- _Source material_
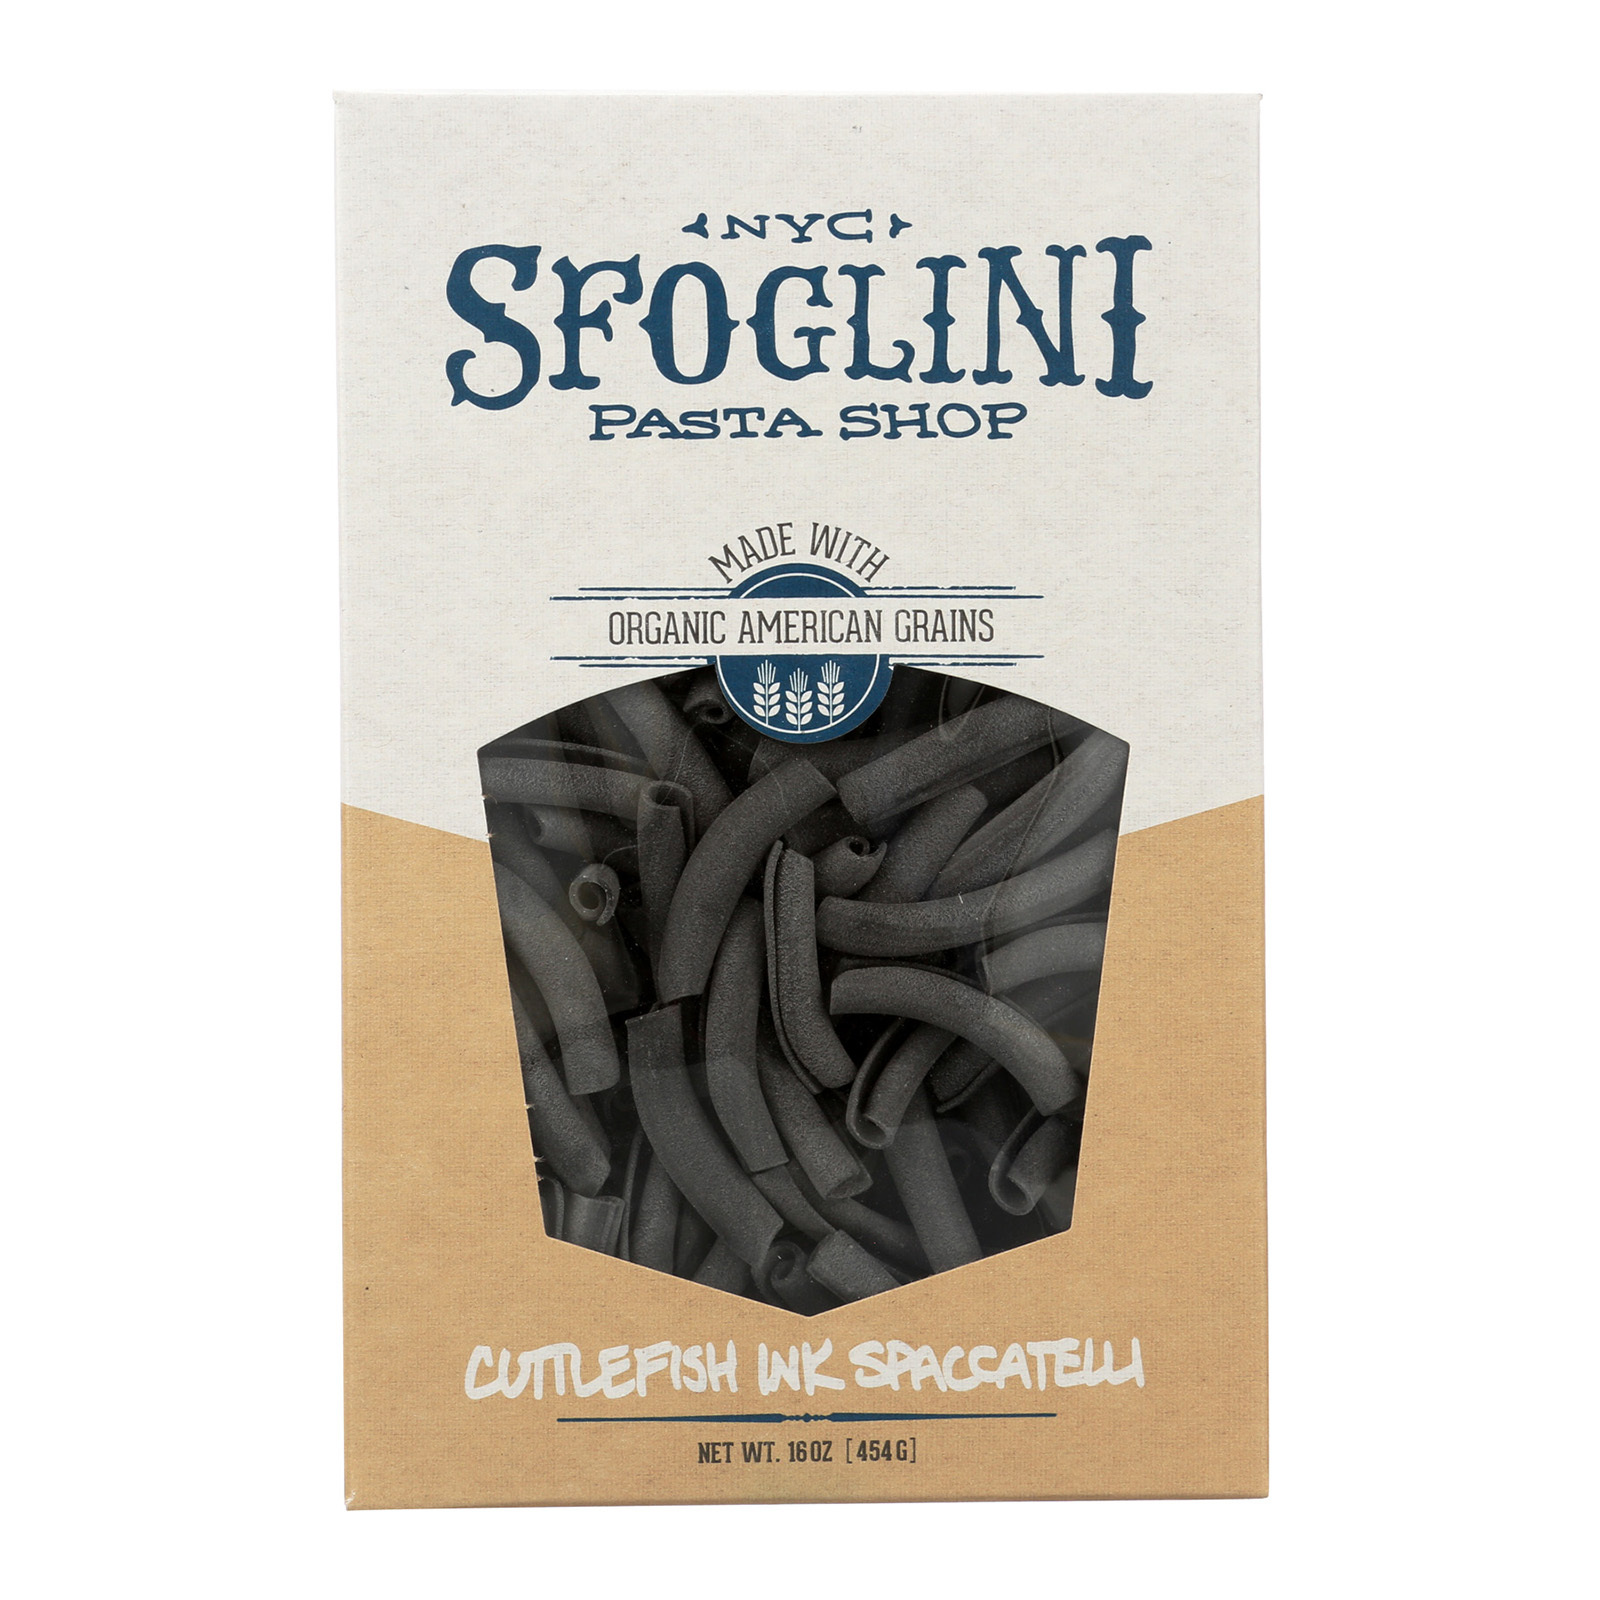 Sfoglini Cuttlefish Ink Spaccatelli - Case of 6 - 16 oz.
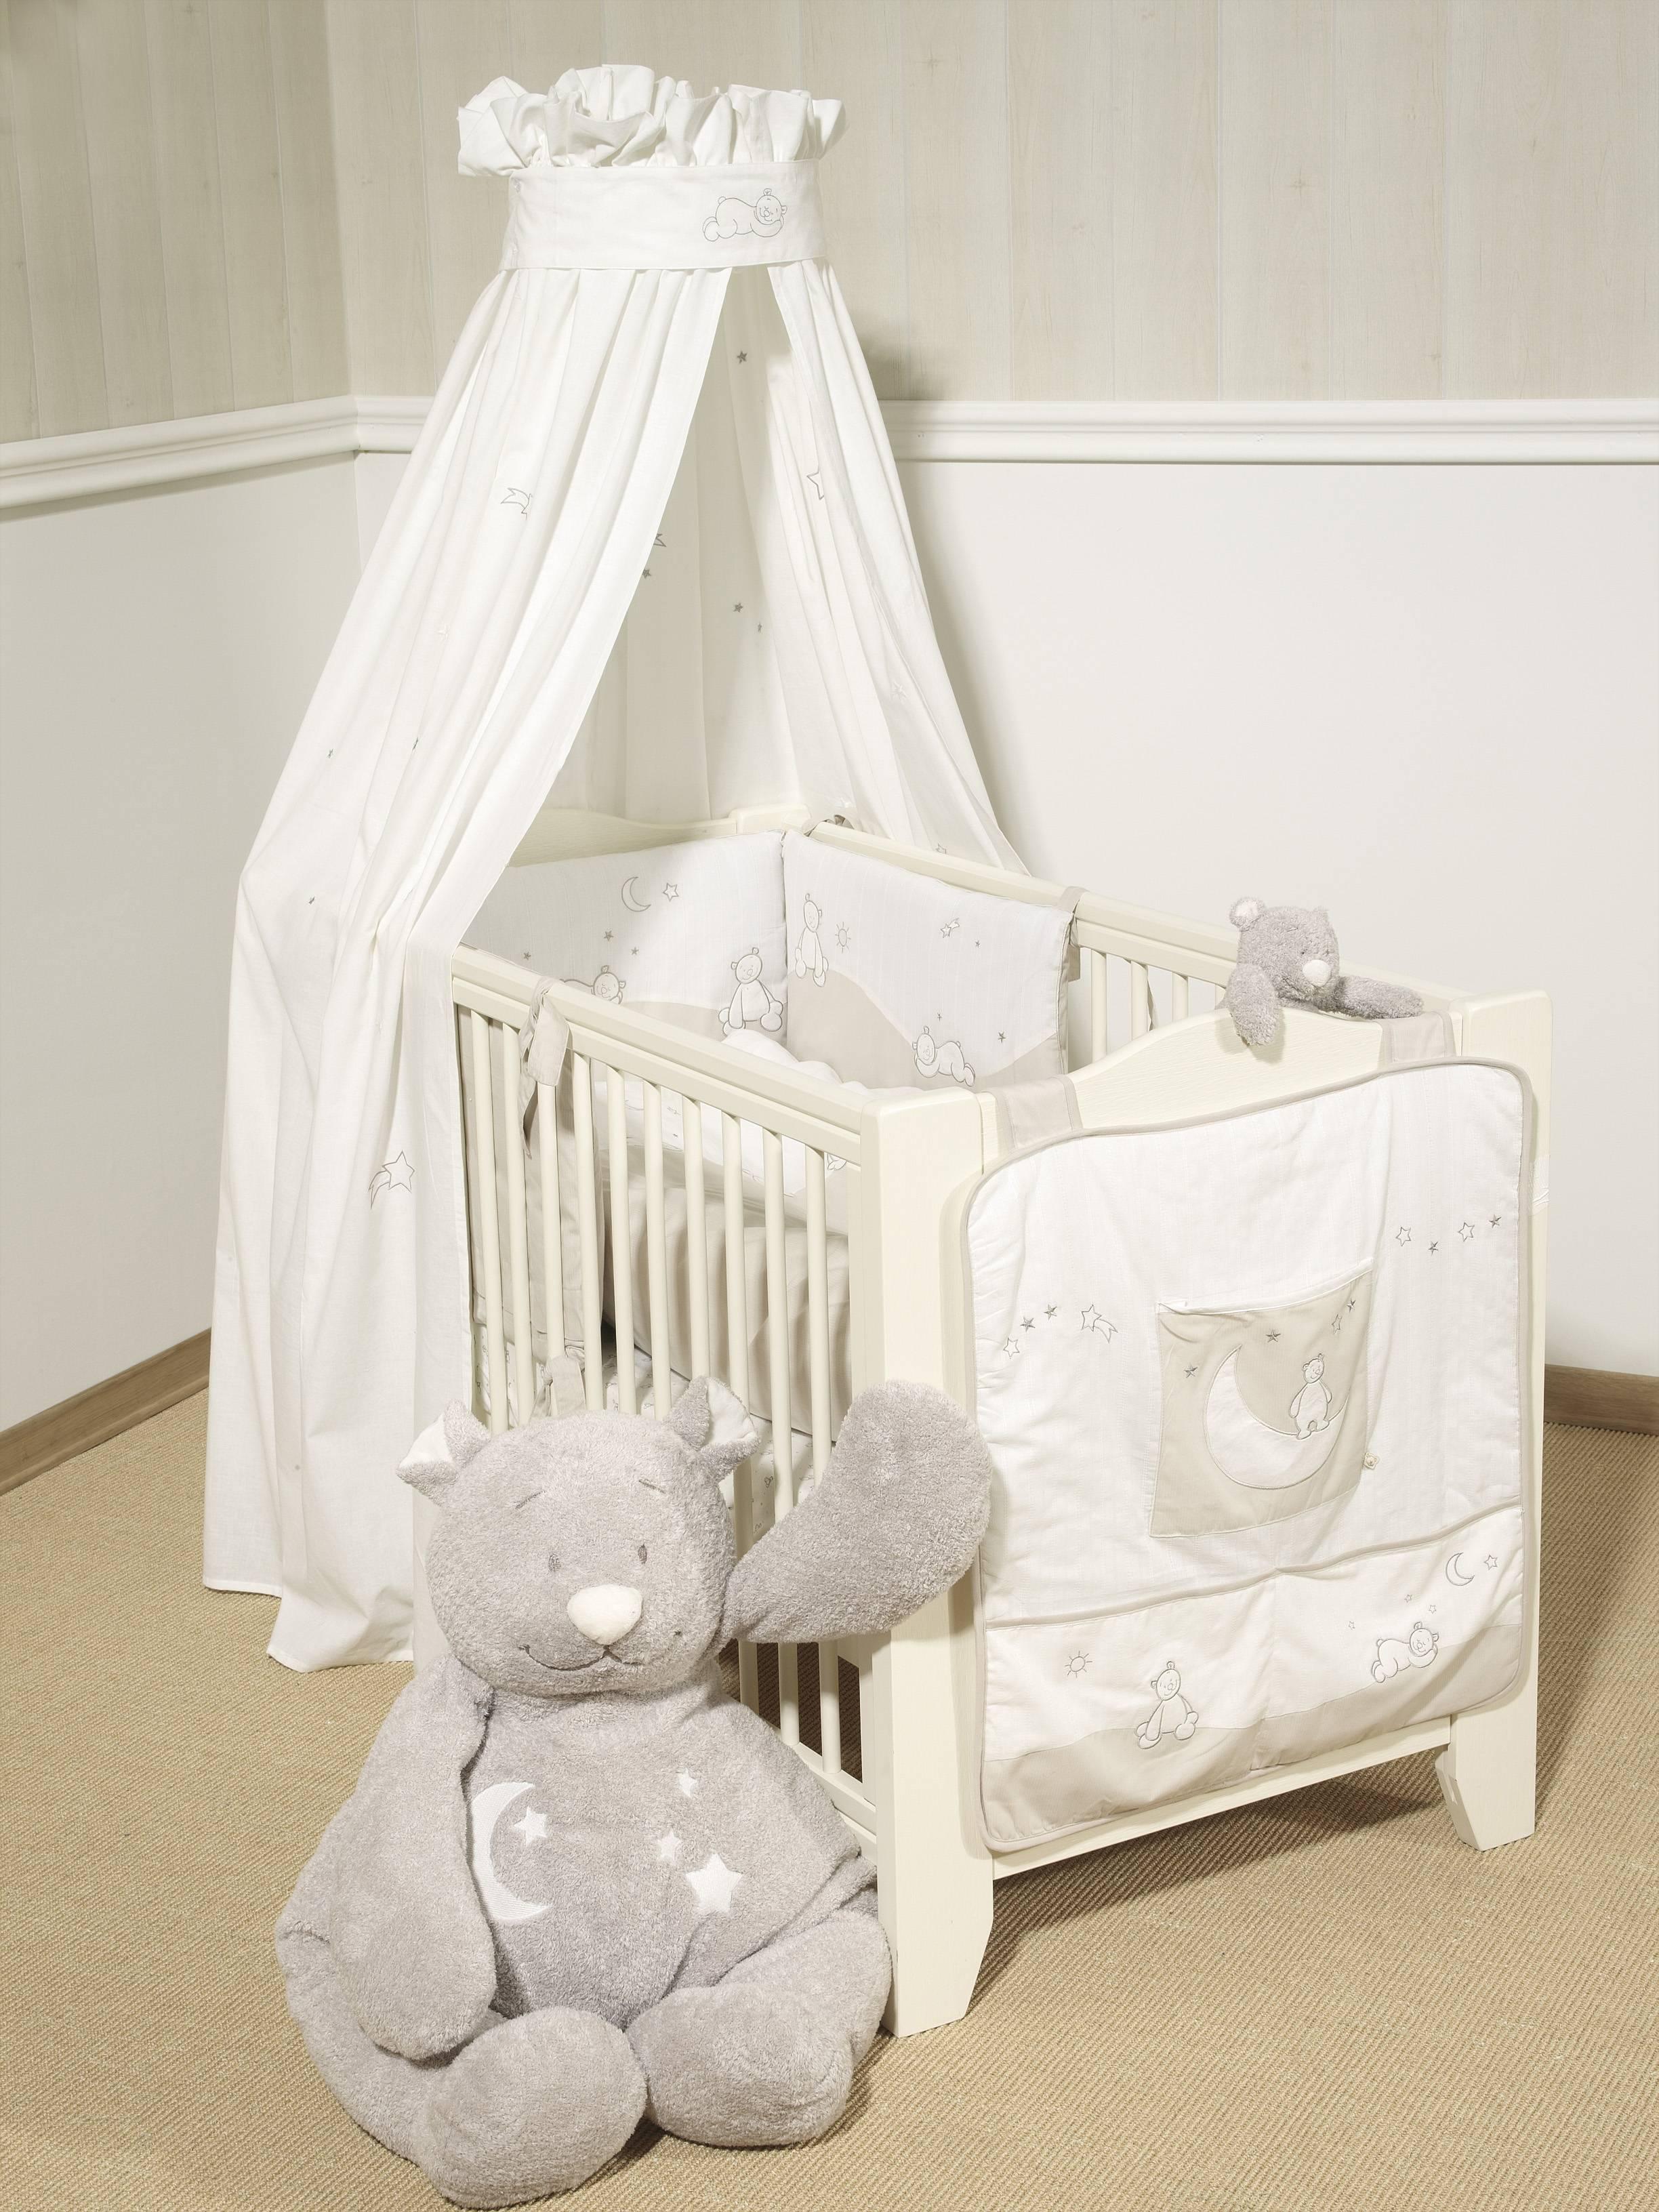 noukies ciel de lit sweet dream doudouplanet. Black Bedroom Furniture Sets. Home Design Ideas
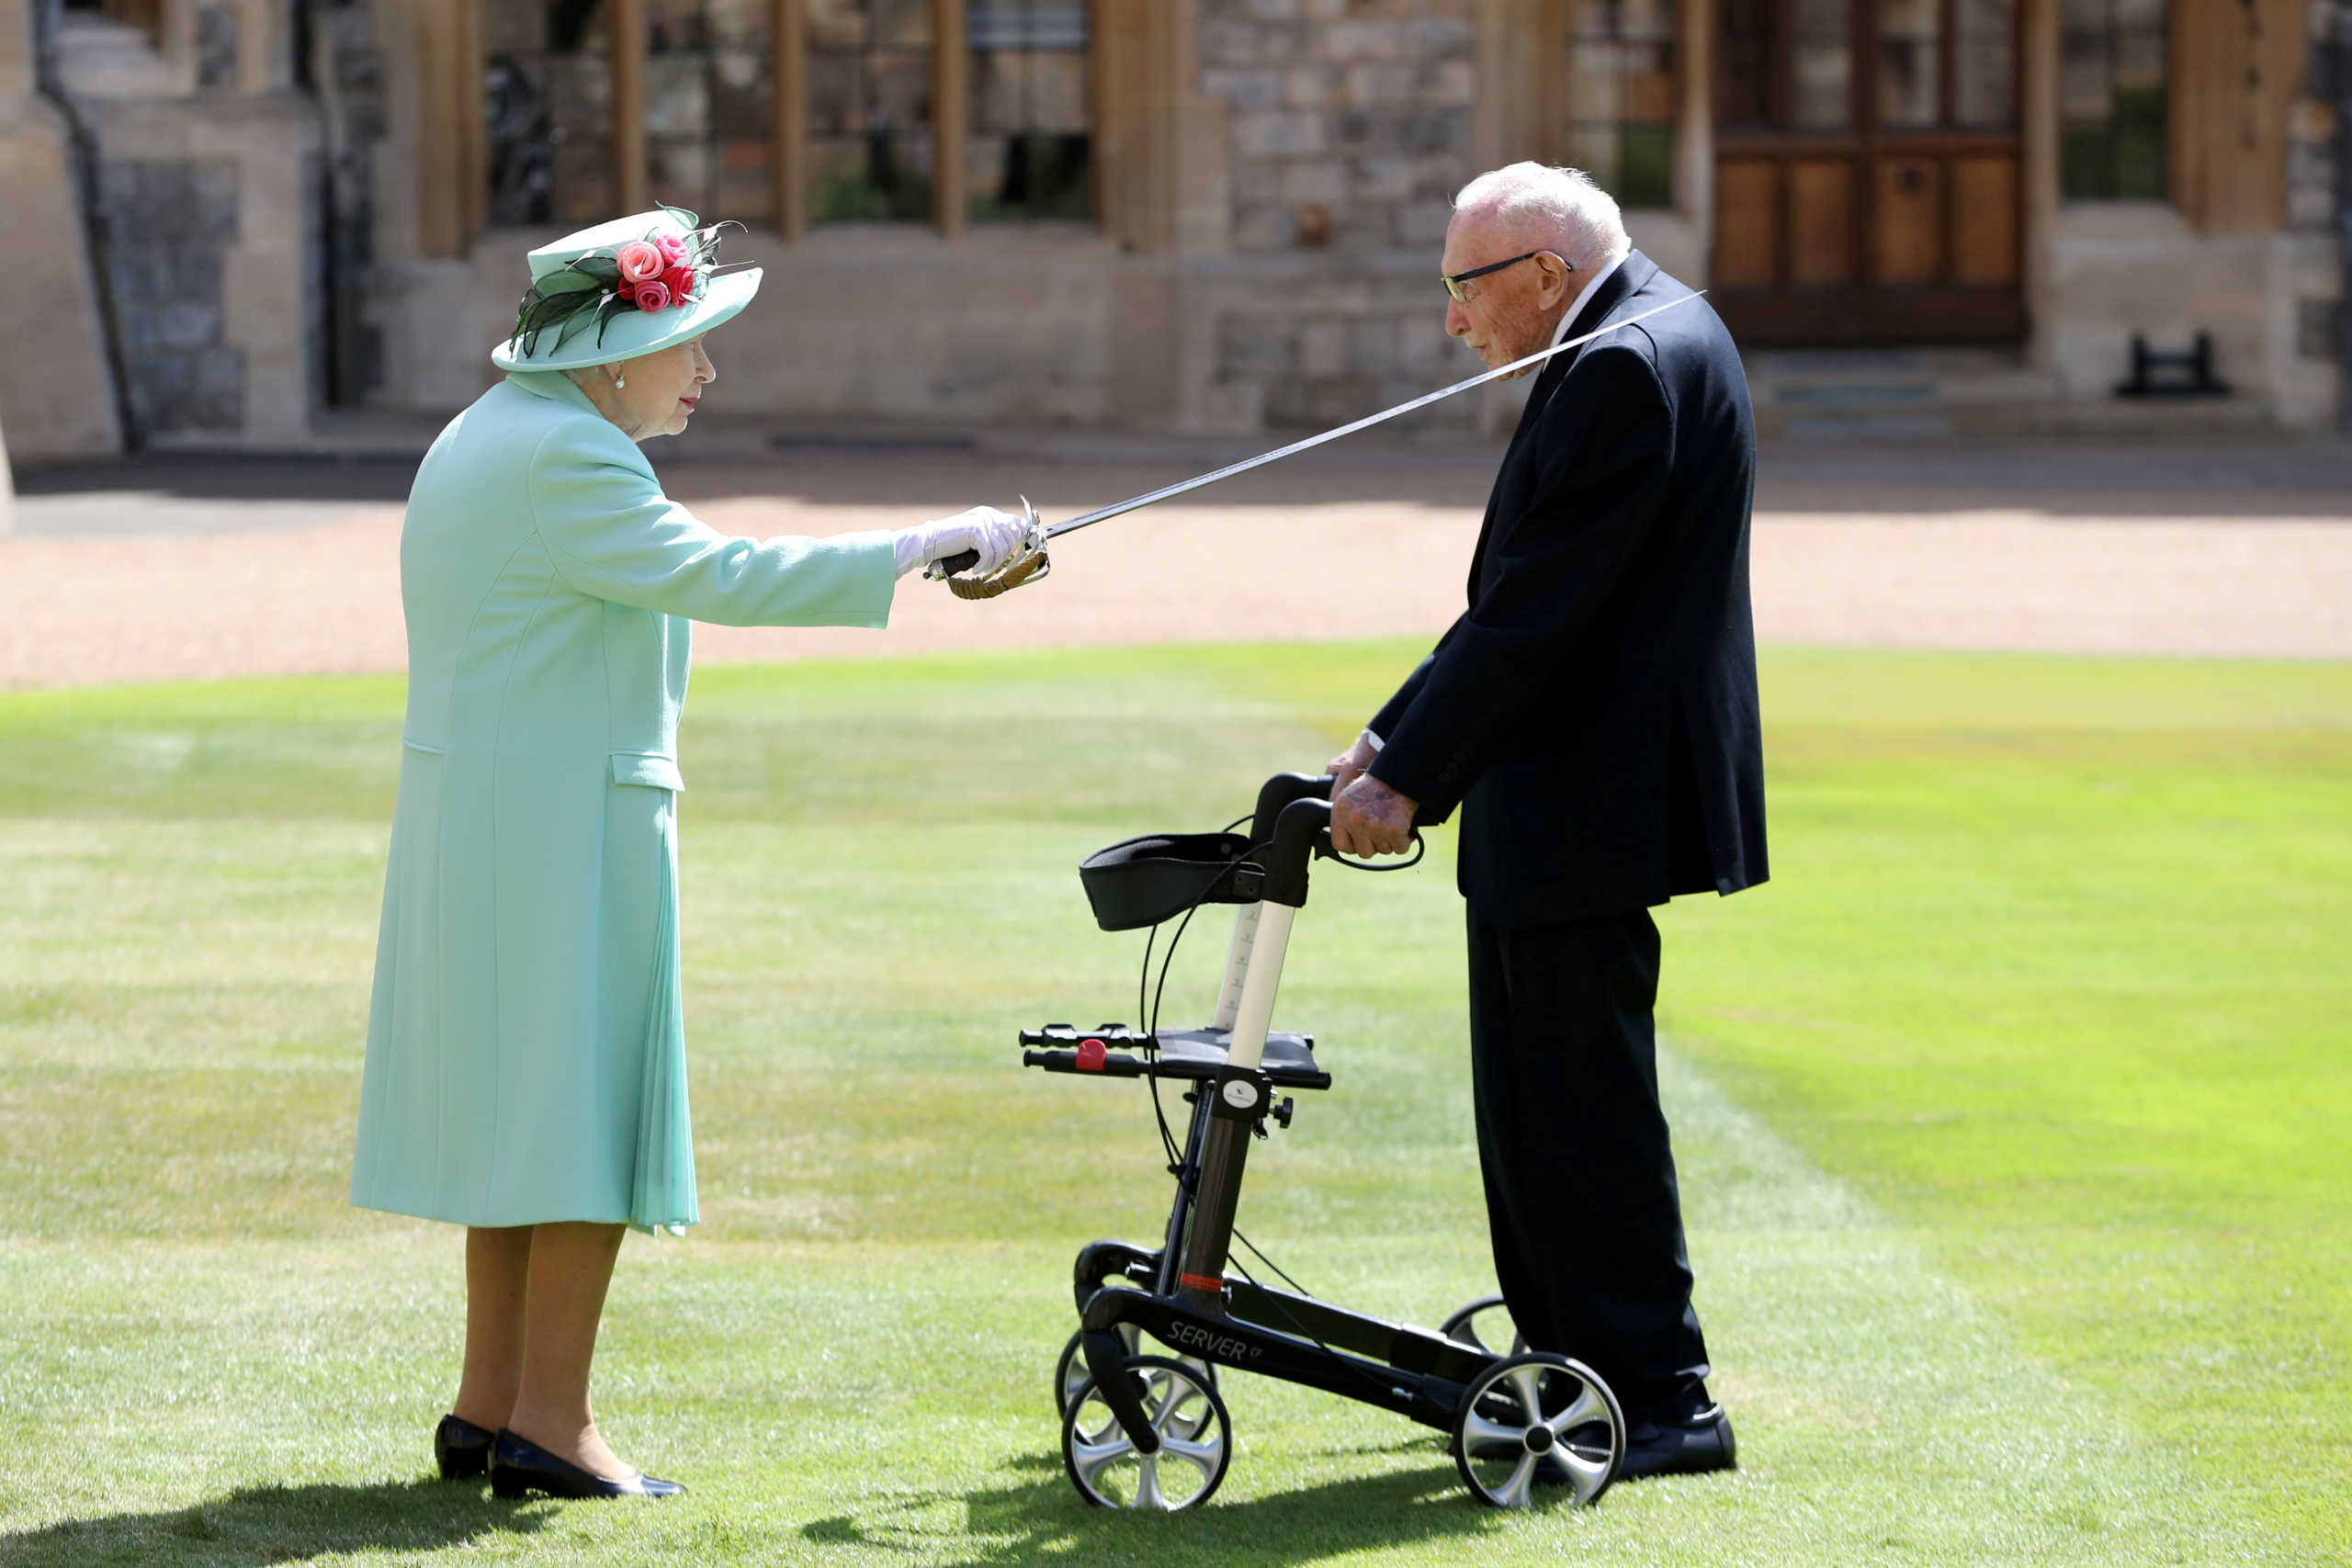 Η Βασίλισσα Ελισάβετ «υποκλίνεται» στον υπεραιωνόβιο «Κάπτεν Τομ» που νικήθηκε από τον κορονοϊό (video)

- _Exercise_
Exact copy, pictures removed: set down the whole listing above.

- _Output for this task_
 Sfoglini Cuttlefish Ink Spaccatelli - Case of 6 - 16 oz.
 noukies ciel de lit sweet dream doudouplanet. Black Bedroom Furniture Sets. Home Design Ideas
 Η Βασίλισσα Ελισάβετ «υποκλίνεται» στον υπεραιωνόβιο «Κάπτεν Τομ» που νικήθηκε από τον κορονοϊό (video)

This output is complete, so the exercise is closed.